Nested hyperparameter tuning

Reference: Tuning Models

X, y = @load_iris; nothing # hide

Define a model with nested hyperparameters:

Tree = @load DecisionTreeClassifier pkg=DecisionTree
tree = Tree()
forest = EnsembleModel(atom=tree, n=300)

Define ranges for hyperparameters to be tuned:

r1 = range(forest, :bagging_fraction, lower=0.5, upper=1.0, scale=:log10)
r2 = range(forest, :(atom.n_subfeatures), lower=1, upper=4) # nested

Wrap the model in a tuning strategy:

tuned_forest = TunedModel(model=forest,
                          tuning=Grid(resolution=12),
                          resampling=CV(nfolds=6),
                          ranges=[r1, r2],
                          measure=BrierScore())

Bound the wrapped model to data:

mach = machine(tuned_forest, X, y)

Fitting the resultant machine optimizes the hyperparameters specified in range, using the specified tuning and resampling strategies and performance measure (possibly a vector of measures), and retrains on all data bound to the machine:

fit!(mach)

Inspecting the optimal model:

F = fitted_params(mach)
F.best_model

Inspecting details of tuning procedure:

r = report(mach);
keys(r)
r.history[[1,end]]

Visualizing these results:

using Plots
plot(mach)

Predicting on new data using the optimized model:

predict(mach, Xnew)

Constructing a linear pipeline

Reference: Composing Models

Constructing a linear (unbranching) pipeline with a learned target transformation/inverse transformation:

X, y = @load_reduced_ames
KNN = @load KNNRegressor
pipe = @pipeline(X -> coerce(X, :age=>Continuous),
                 OneHotEncoder,
                 KNN(K=3),
                 target = Standardizer)

Evaluating the pipeline (just as you would any other model):

pipe.knn_regressor.K = 2
pipe.one_hot_encoder.drop_last = true
evaluate(pipe, X, y, resampling=Holdout(), measure=RootMeanSquaredError(), verbosity=2)

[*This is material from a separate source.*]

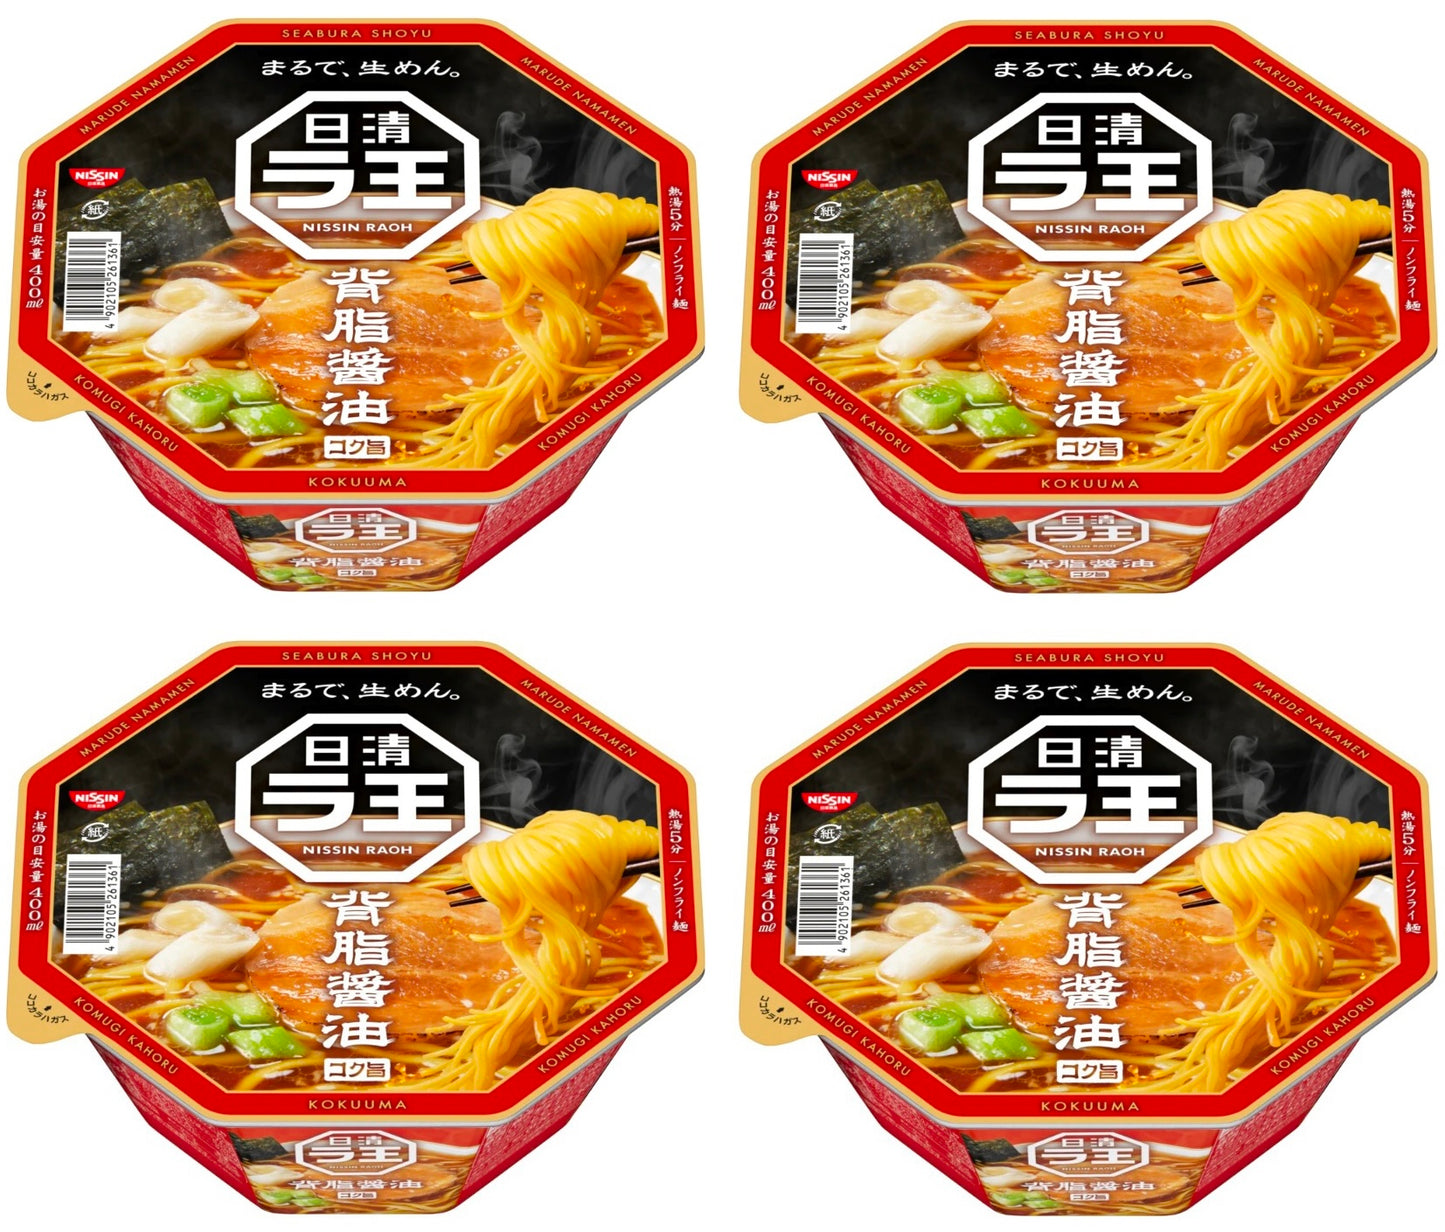 Nissin Noodles Ramen RAOH Soy Sauce Chicken Cup Soup Instant Food Japanese 112g

Inspecting the learned parameters in a pipeline:

mach = machine(pipe, X, y) |> fit!
F = fitted_params(mach)
F.one_hot_encoder

Constructing a linear (unbranching) pipeline with a static (unlearned) target transformation/inverse transformation:

Tree = @load DecisionTreeRegressor pkg=DecisionTree
pipe2 = @pipeline(X -> coerce(X, :age=>Continuous),
                  OneHotEncoder,
                  Tree(max_depth=4),
                  target = y -> log.(y),
                  inverse = z -> exp.(z))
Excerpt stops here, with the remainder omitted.